→ ASSIGNED TASK:
When you transcribe the listing that follows, keep every line exact and skip any picture.
--- DATA BELOW ---
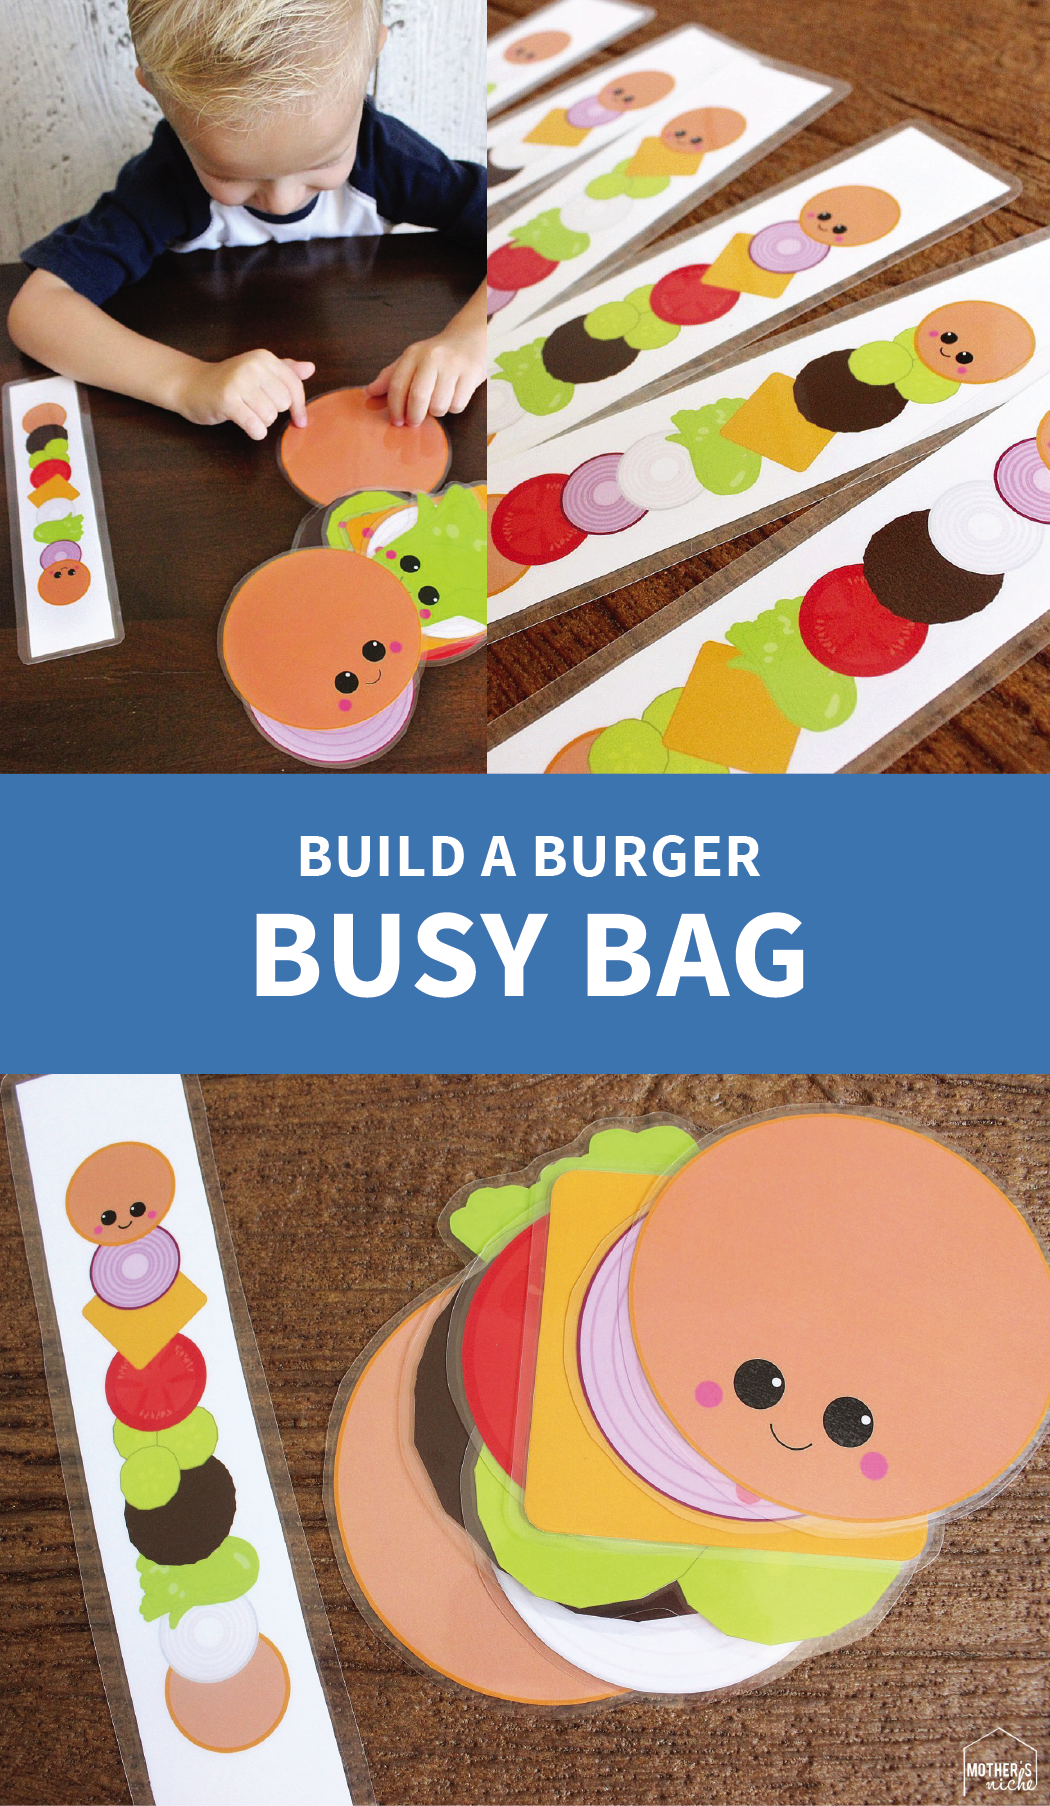 Build A Burger Busy Bag Printables Actividades Montessori Juegos Educativos Para Ninos Juegos Para Preescolar
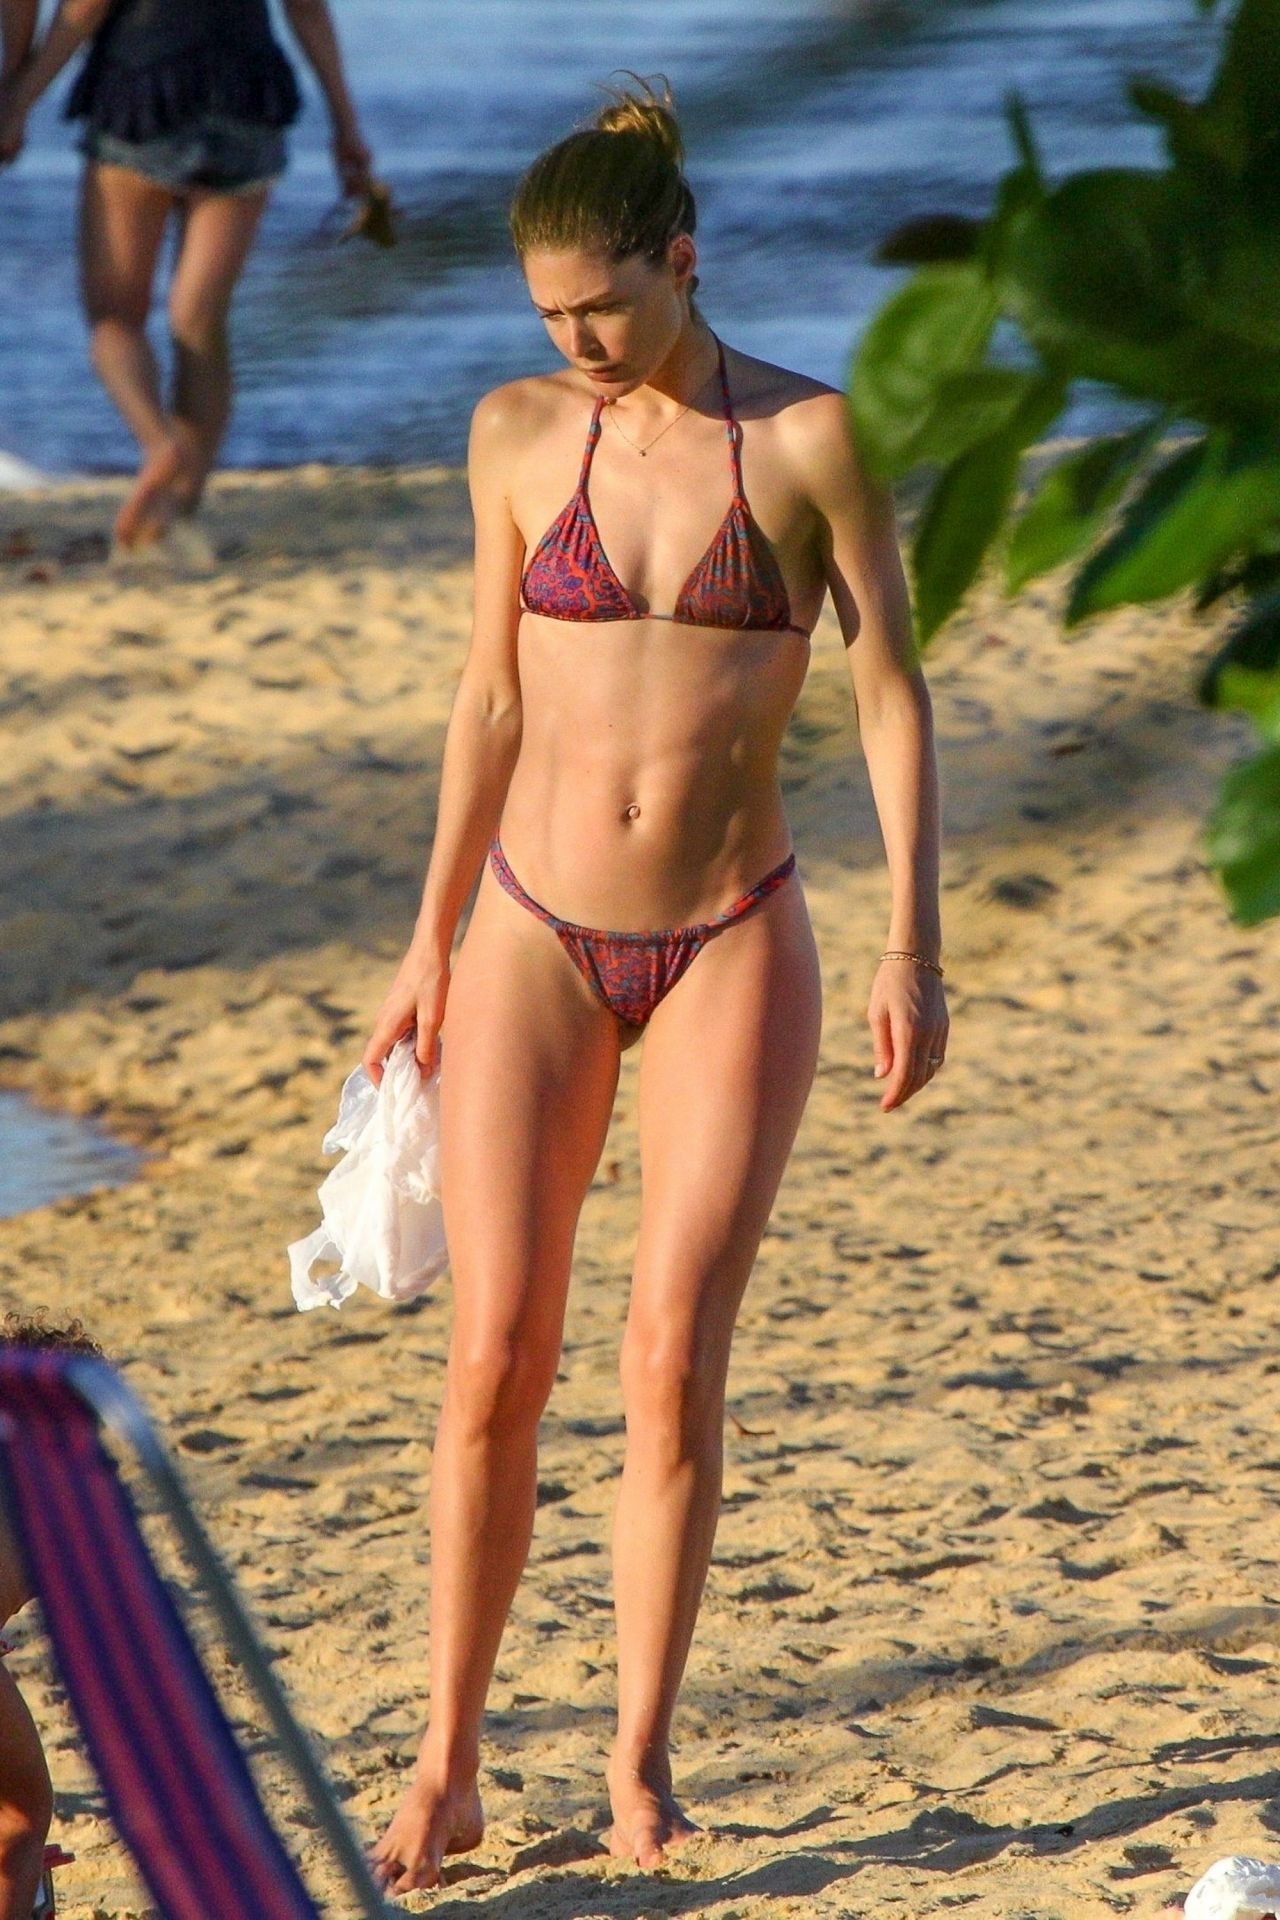 Doutzen Kroes in Bikini in Bahia Pic 4 of 35
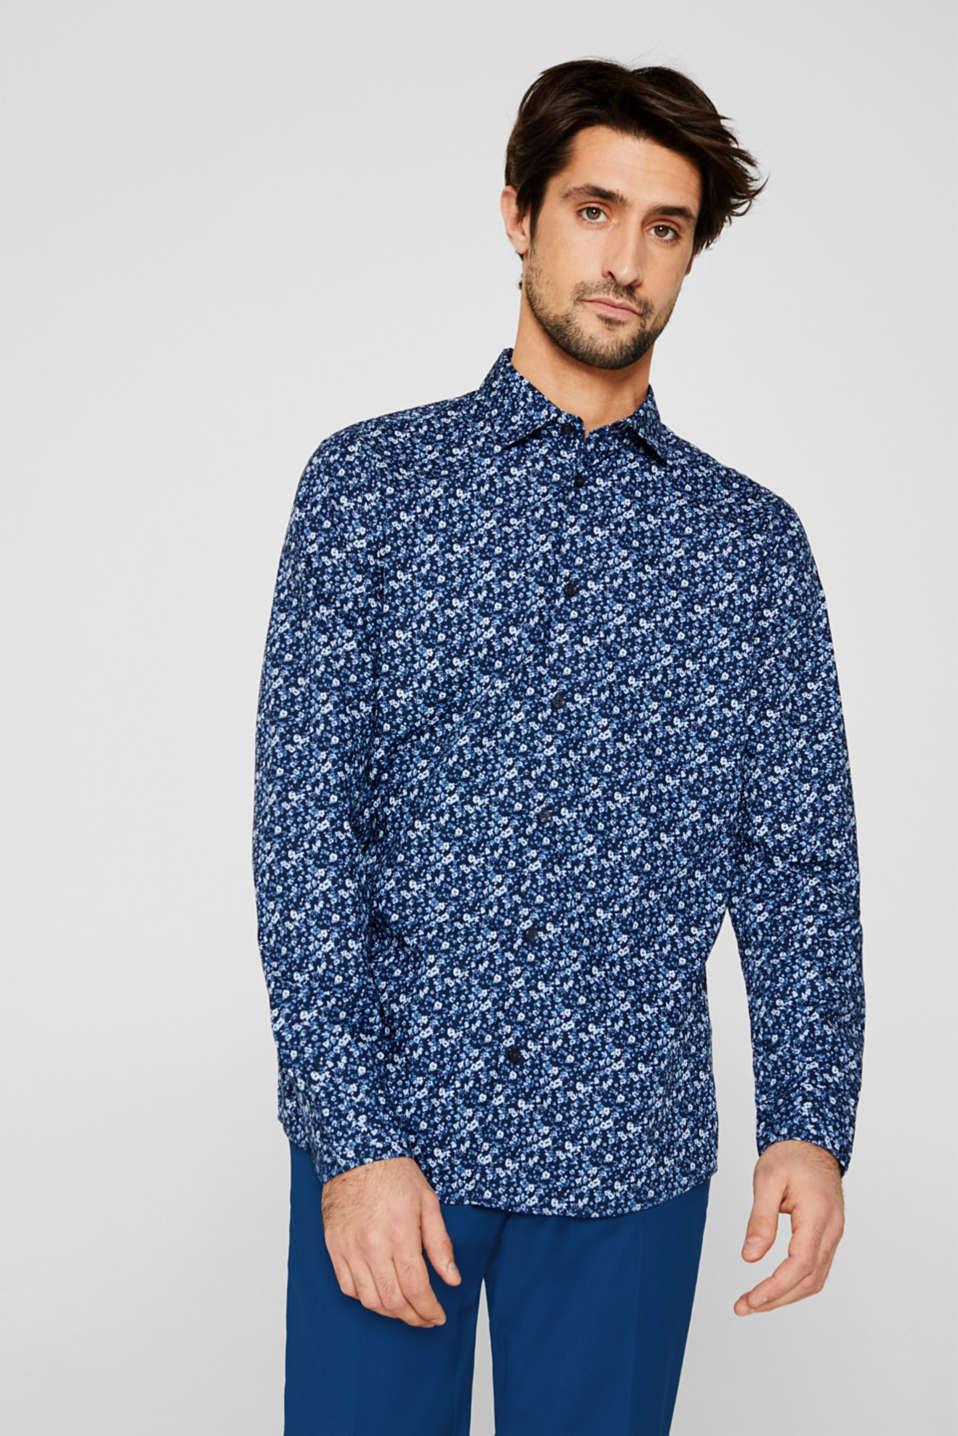 Premium shirt with a floral print, 100% cotton, DARK BLUE 4, detail image number 5
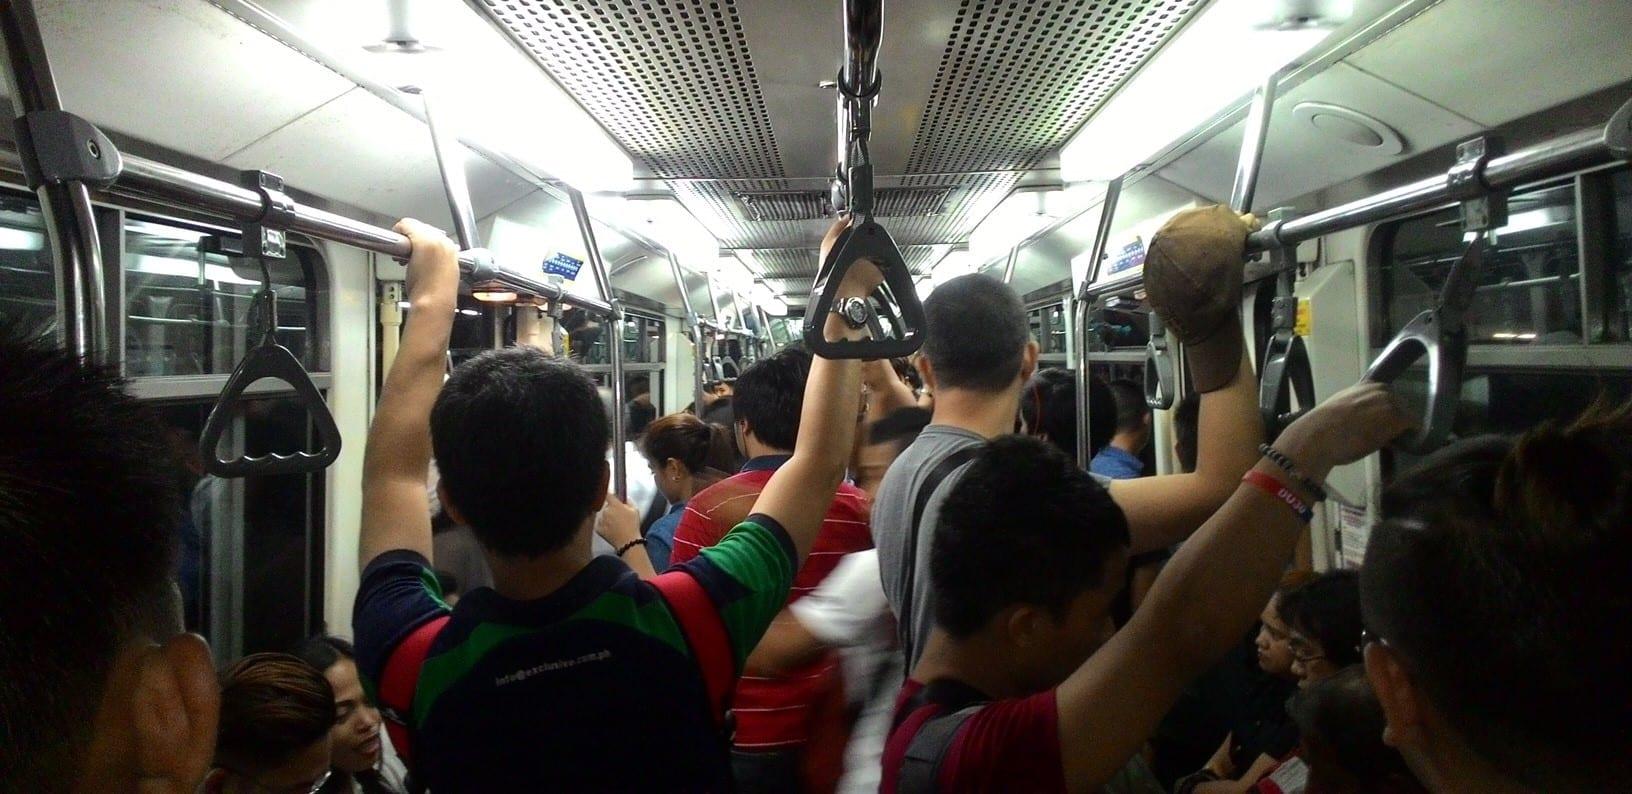 mrt-inside-photo-commuters
---
→ EXERCISE RESULT:
 Build A Burger Busy Bag Printables Actividades Montessori Juegos Educativos Para Ninos Juegos Para Preescolar
 Doutzen Kroes in Bikini in Bahia Pic 4 of 35
 Premium shirt with a floral print, 100% cotton, DARK BLUE 4, detail image number 5
 mrt-inside-photo-commuters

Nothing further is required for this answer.